Fibronectin production corresponding to normal chondrogenesis. We show fibronectin accumulation along the distal direction, as time progresses and the limb grows. Haptotaxis of cells in response to fibronectin (the second prepattern) and cells continuing fibronectin secretion make the pattern robust and does not require a persistent activator (first) prepattern. The fibronectin pattern establishes itself faster (a) 400 Monte Carlo steps (half-formed limb); (b) 800 Monte Carlo steps (fully formed limb) than the final cell condensations (1040 Monte Carlo steps; figure 7), emphasizing fibronectin's role in pattern consolidation. Fibronectin accumulates at its secretion location: its concentration in the humerus region in (b) is larger than in (a).

Figure 7.

Cell condensation into humerus, ulna and radius, and digits after 1040 Monte Carlo steps. Visualization using volume rendering. The axes correspond to the p, a and v of figure 5.

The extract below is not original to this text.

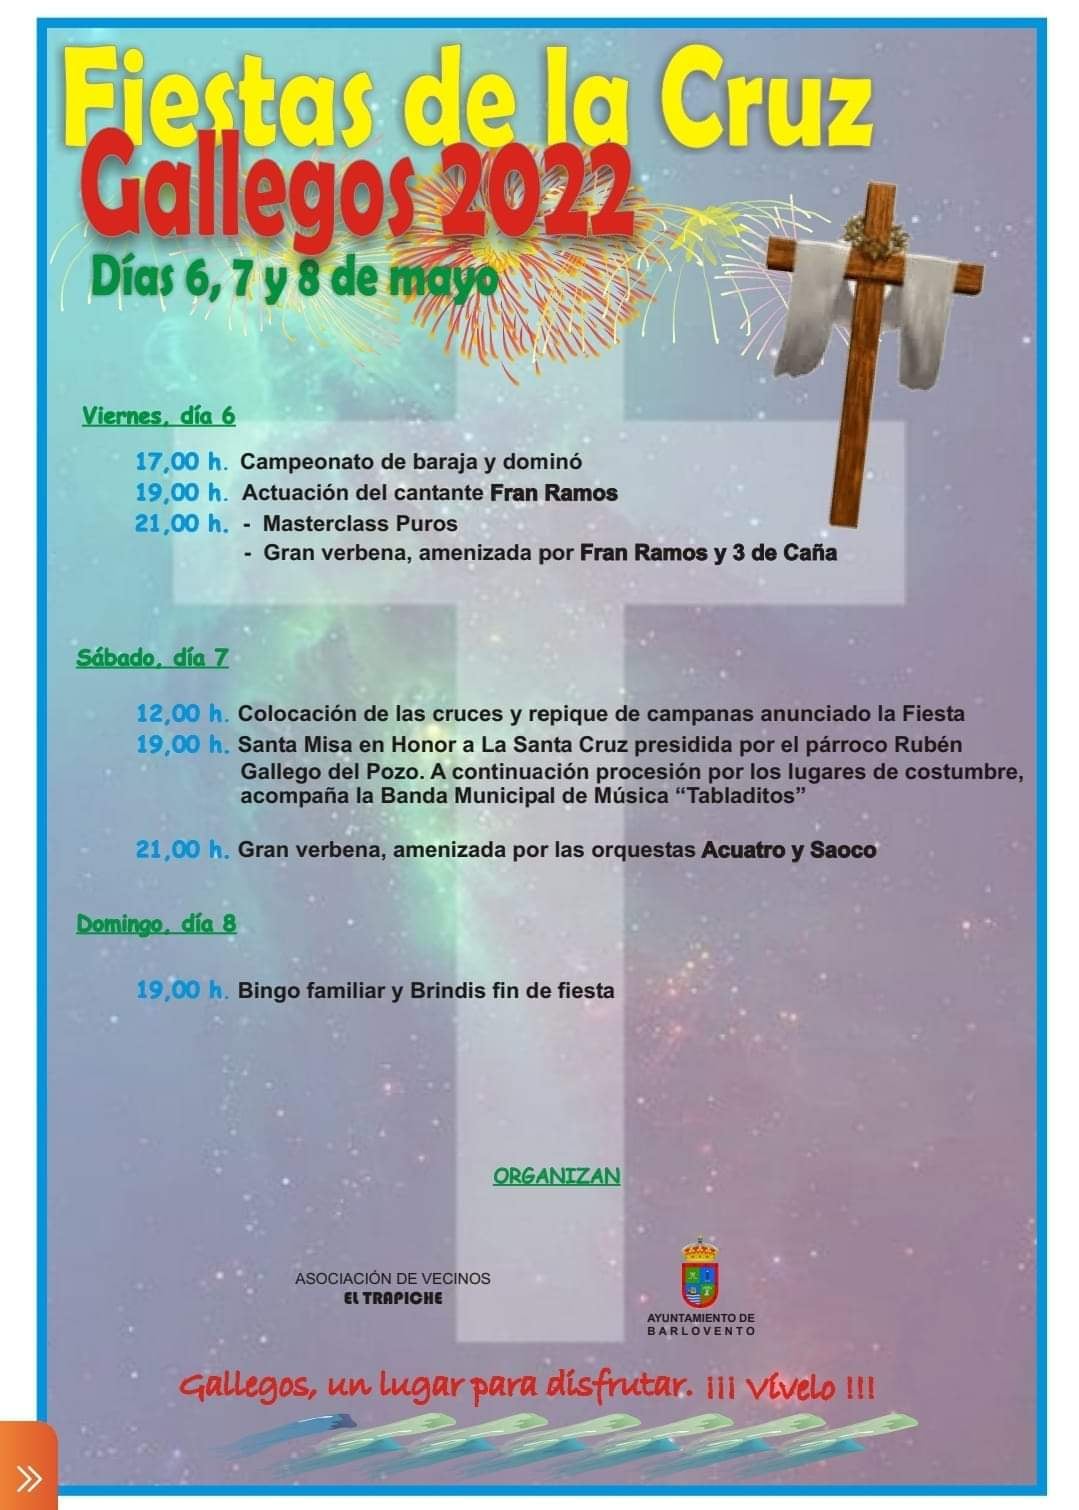 08-05-2022-fiesta-de-la-cruz-gallegos-barlovento

We next studied parameter sets resulting in two cases of abnormal development.

Figure 8 shows a case where four rather than three digits formed, corresponding to polydactyly. All parameters are the same as for normal development (table 3), except that the transition of d_ax=d_ix to the value of 1/12 occurs later than normal, e.g. owing to abnormal FGF signalling and/or late response of the cells secreting morphogens at the proximal boundary of the apical zone. Figure 9a displays the fibronectin distribution and figure 9b the resulting cell condensations. Experimentally, late, localized removal of the AER, a major source of the limb's FGF (and the only one in our model), induces ectopic digits in interdigital mesenchyme (see Hurle & Gañan 1987).

Figure 8.

Time-series (successive transverse cross-sections in the distal direction, which is upward in the figure) of TGF-β concentration in a growing limb bud, corresponding to the pathology of extra digits (four digits form instead of three; see figure 9).

Figure 9.

(a) Fibronectin distribution and (b) cell condensation, after 940 Monte Carlo steps, corresponding to the TGF-β (first) prepattern in figure 8.

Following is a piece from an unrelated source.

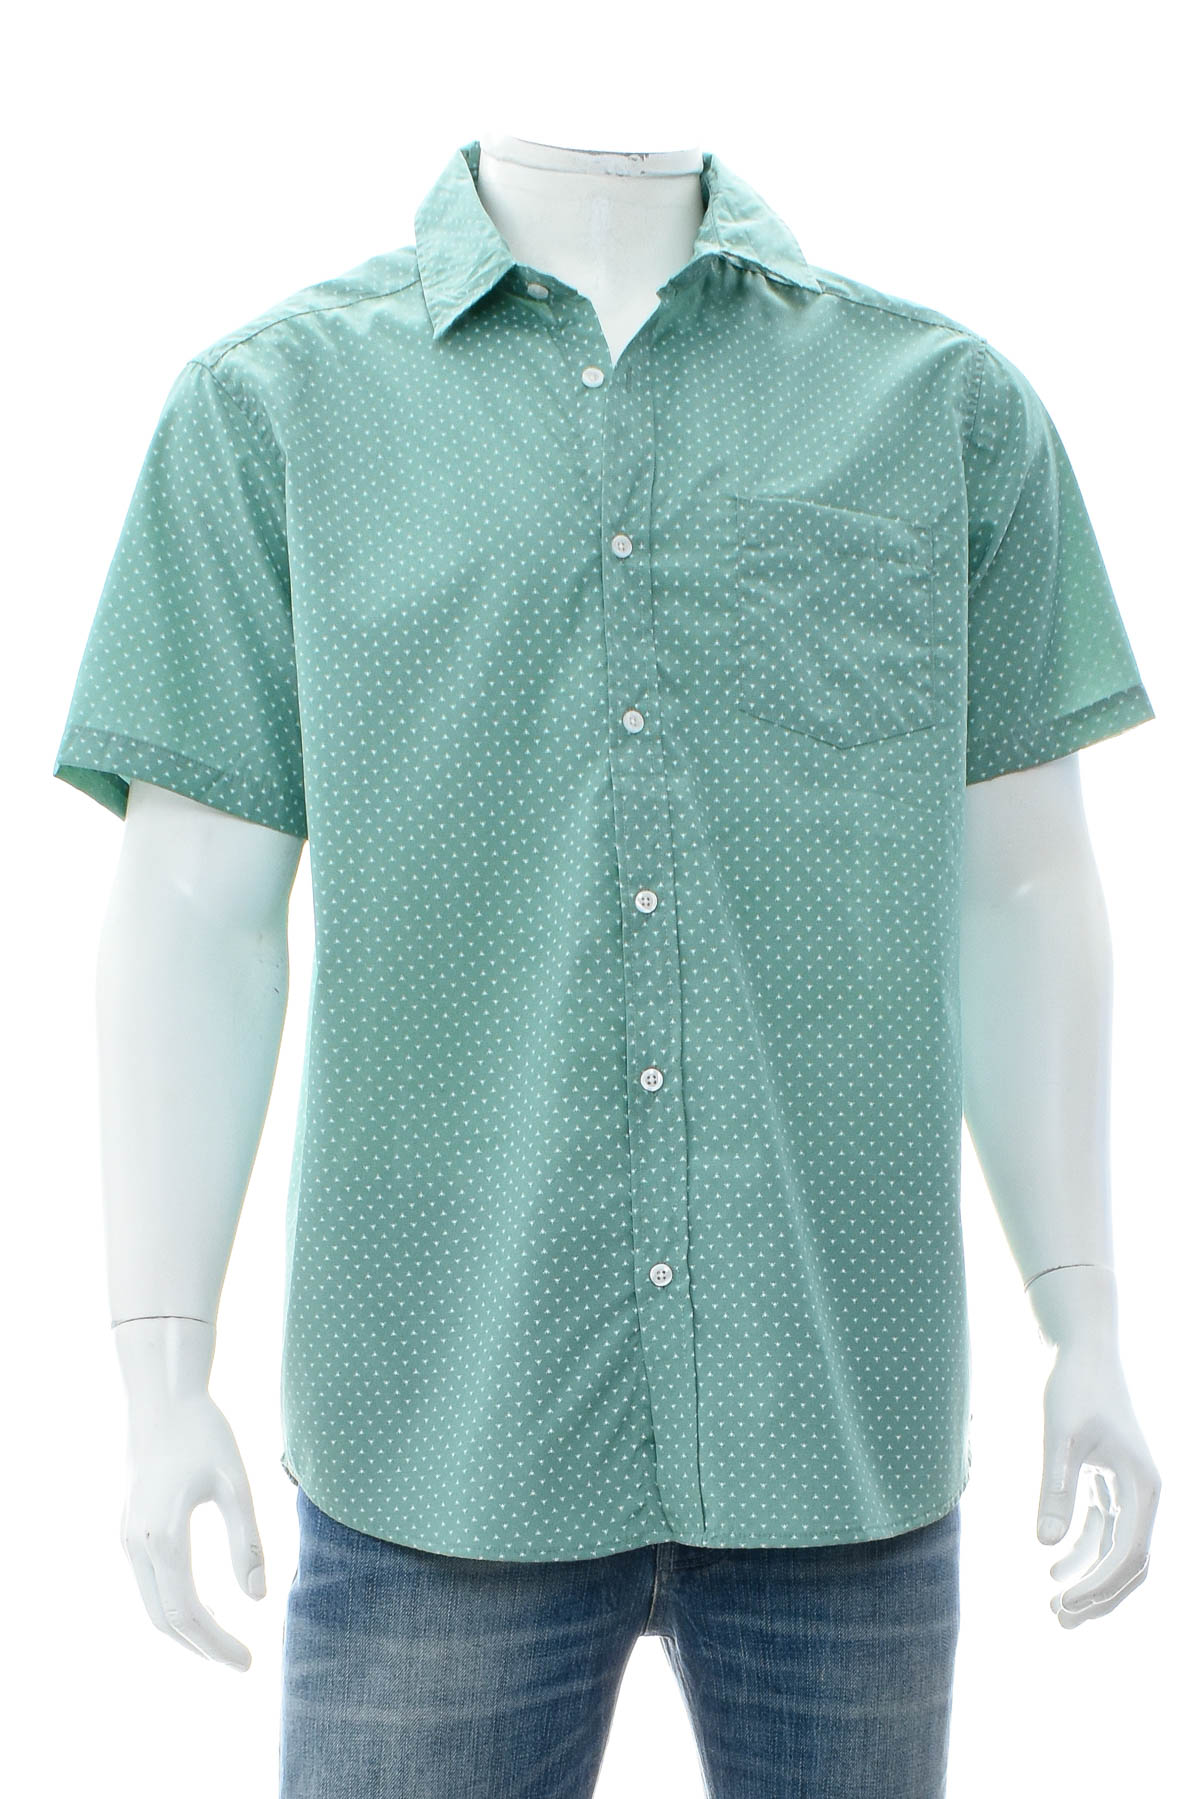 Ανδρικό πουκάμισο - Identic - 0

Figure 10 shows a case of fused skeletal elements, corresponding in certain respects to the pathology of the human genetic condition known as Apert's syndrome described in Cohen & Kreiborg (1995). Figure 10a shows the TGF-β prepattern along the distally growing limb bud. In the proximal region, the one-cylinder pattern (one spot in transverse section) is stable, followed by a bifurcation of the solution into two cylindrical elements (two spots in cross-section). The two elements then fuse into one long stripe in the transverse section. Figure 10b displays the corresponding fibronectin pattern. We obtained this pathology by setting d_ax=d_ix=1/14 in the digits (the three-skeletal-element region) instead of 1/12 (see table 3), and having the transitions in d_ax and d_ix occur later than normal, e.g. owing to an abnormal limb-cross-section aspect ratio or abnormal FGF signalling. Significantly, Apert's syndrome results from aberrant FGF signal transduction owing to an abnormal FGF receptor (Wilkie et al. 1995).

Figure 10.

(a) Time-series (successive transverse cross-sections in the distal direction) of the TGF-β concentration in a growing limb bud, corresponding to the pathology of Apert's syndrome. (b) The fibronectin concentration field after 500 Monte Carlo steps (limb not fully formed). The radius and ulna fuse and digits fail to form.

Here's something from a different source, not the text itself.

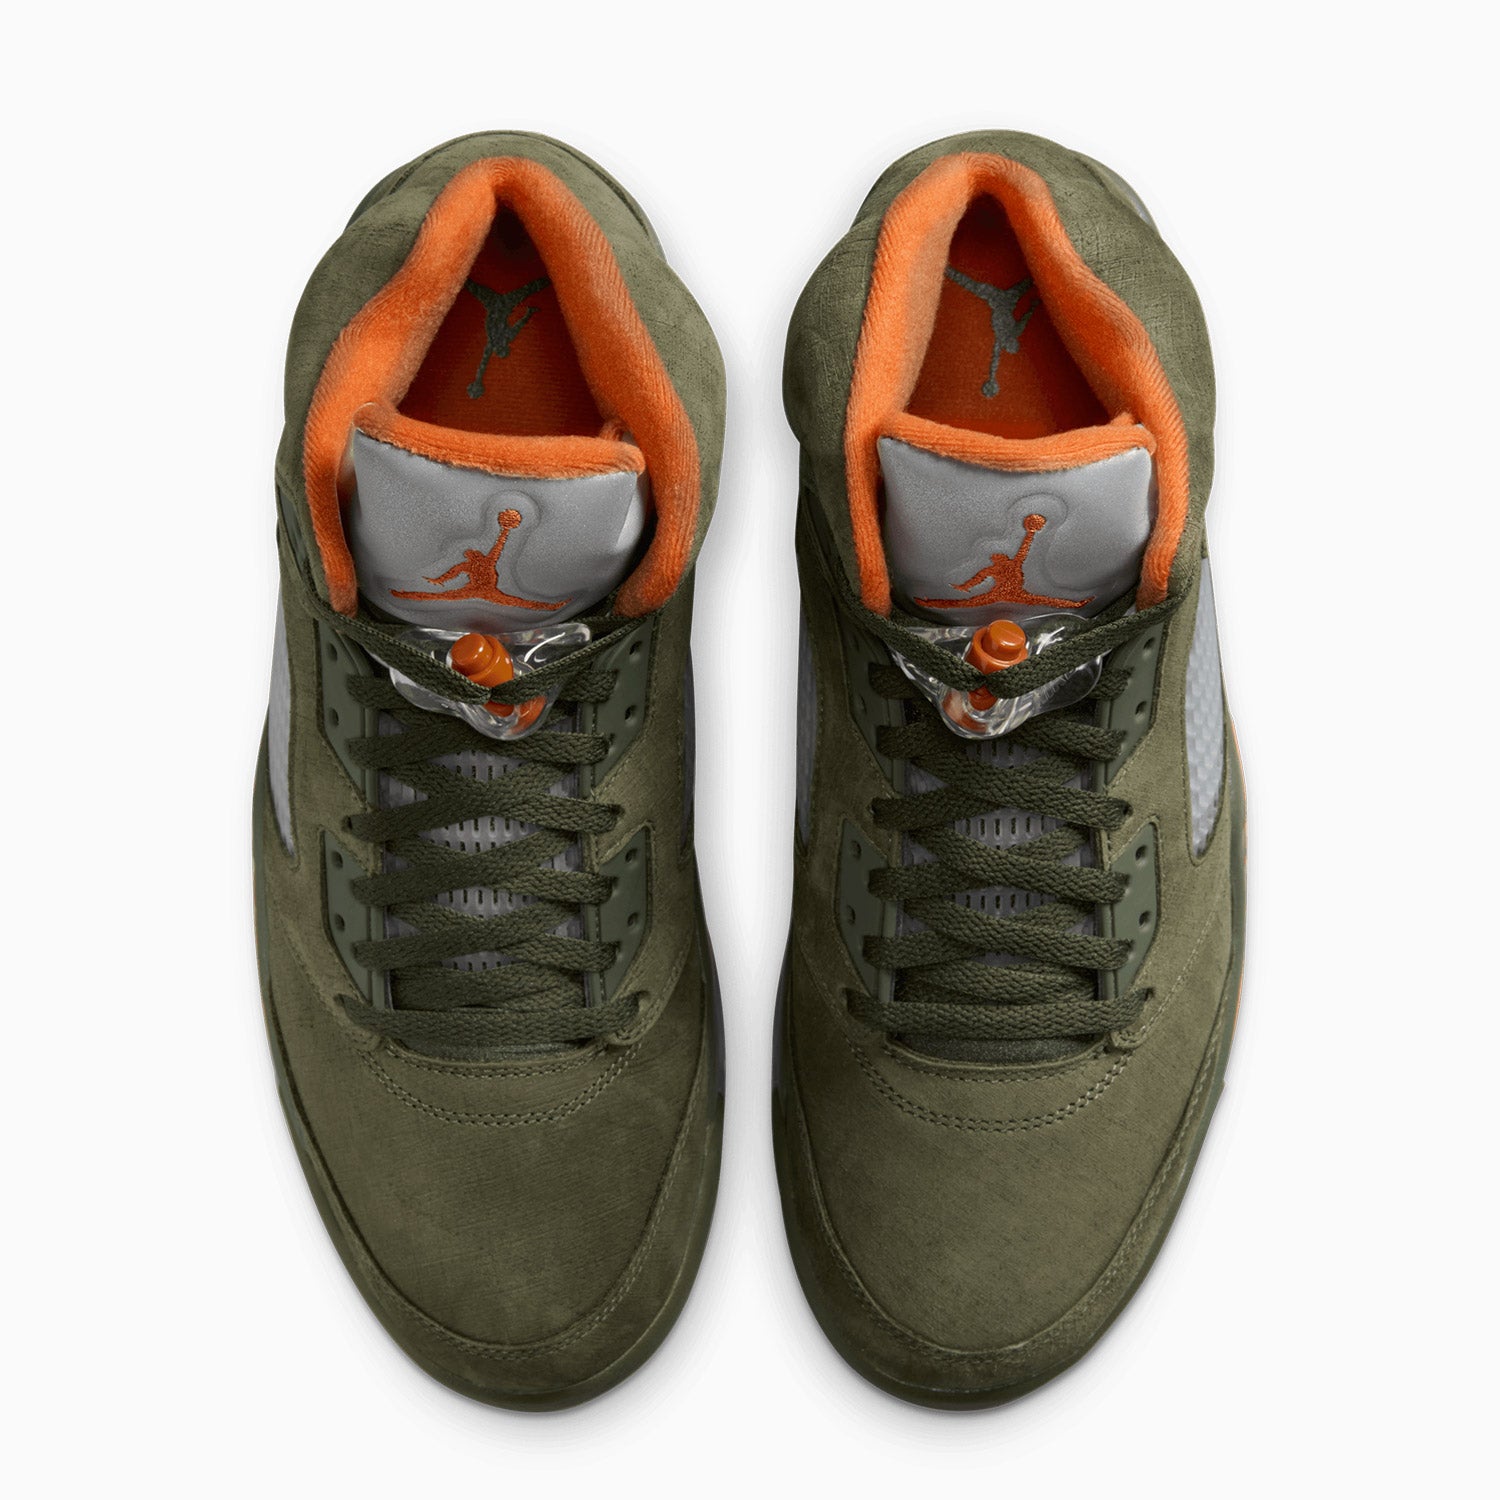 mens-air-jordan-5-retro-olive-shoes-dd0587-308

The two pathological cases suggest that domain-size changes in the apical and active zones, which we implemented a priori, affect the location and periodicity of skeletal element condensations. A more complete model, which we are currently developing, would employ the FGF signalling from the AER to control the evolution of the apical and active zones, Hox and Gli3 transcription factor gradients to control limb shape, and gradients of morphogens such as Sonic hedgehog and Wnt-7A to control antero-posterior and dorso-ventral patterning (reviewed in Tickle 2003).